Following, we provide answers to the most frequently asked questions about our work.
- What is the difference between REGA and ProTRR?
ProTRR is an optimal in-DRAM mitigation based on TRR or RFM. However, TRR and RFM are not sustainable in the long term. The periodic nature of additional refreshes require ProTRR to keep track of many victims, especially for smaller thresholds and more victims per aggressor. Instead, REGA is stateless and has a constant area overhead, independently from the threshold and blast diameter.
- Is REGAm compatible with the JEDEC standard?
REGAm is fully compatible with the main DDR JEDEC standard. To use V greater than 2 in DDR5 (i.e., when the threshold is smaller than 517), the SPD standard needs to be slightly adjusted.

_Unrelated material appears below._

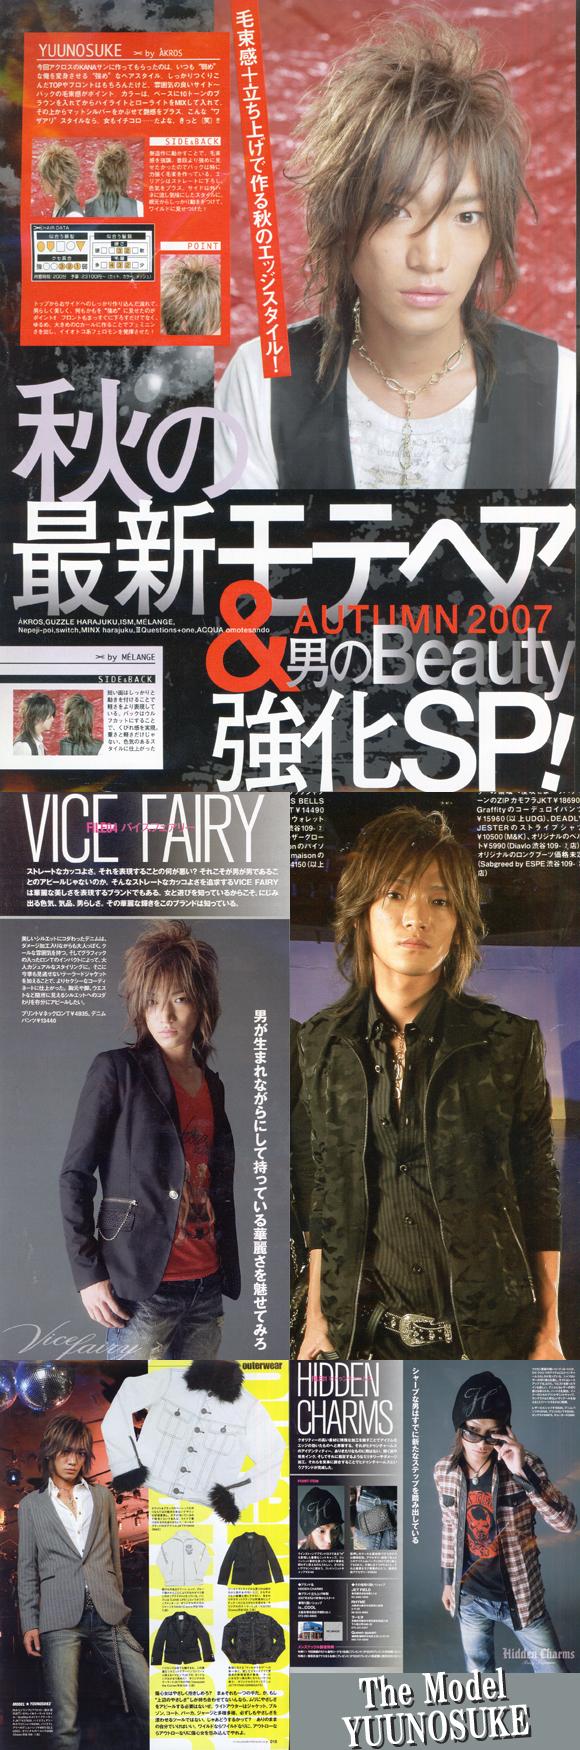 歌舞伎町のホストクラブ、AIRの主任、祐之介がモデルとして雑誌に掲載されました。

- Why is it important to have a fully in-DRAM Rowhammer mitigation?
Rowhammer is a DRAM problem, and as such, it should be resolved in DRAM. Forcing CPUs to fix Rowhammer will result in fragmented mitigations in both CPU and DRAM, making it very difficult to reason about security.
- Is REGA vendor-specific?
No, although our model is based on a specific vendor, we also evaluated cases of worse transistor sizes, still obtaining correct operation. Moreover, REM uses lower voltages than usual, making adhering to timings harder than usual (not easier).
- Does REGA work for ECC devices?
Yes, it does. The timing parameter of interest for REGA is tRAS, which is the same for ECC devices.
- Is the REGA model (REM) open-source?
Yes! You can find it on GitHub.
We thank our anonymous reviewers for their valuable feedback. This work was supported by the Swiss National Science Foundation under NCCR Automation, grant agreement 51NF40 180545, the Swiss State Secretariat for Education, Research and Innovation under contract number MB22.00057 (ERC-StG PROMISE), and a Microsoft Swiss JRC grant.
- 15.05.2023: We have found a configuration mistake in our gem5 simulations, leading to effectively running all our simulations without the L3 cache enabled, thus showing the worst-case results for REGA. We have added new results with L3 enabled in the appendix. We updated the paper on our website. The previous version can be found here.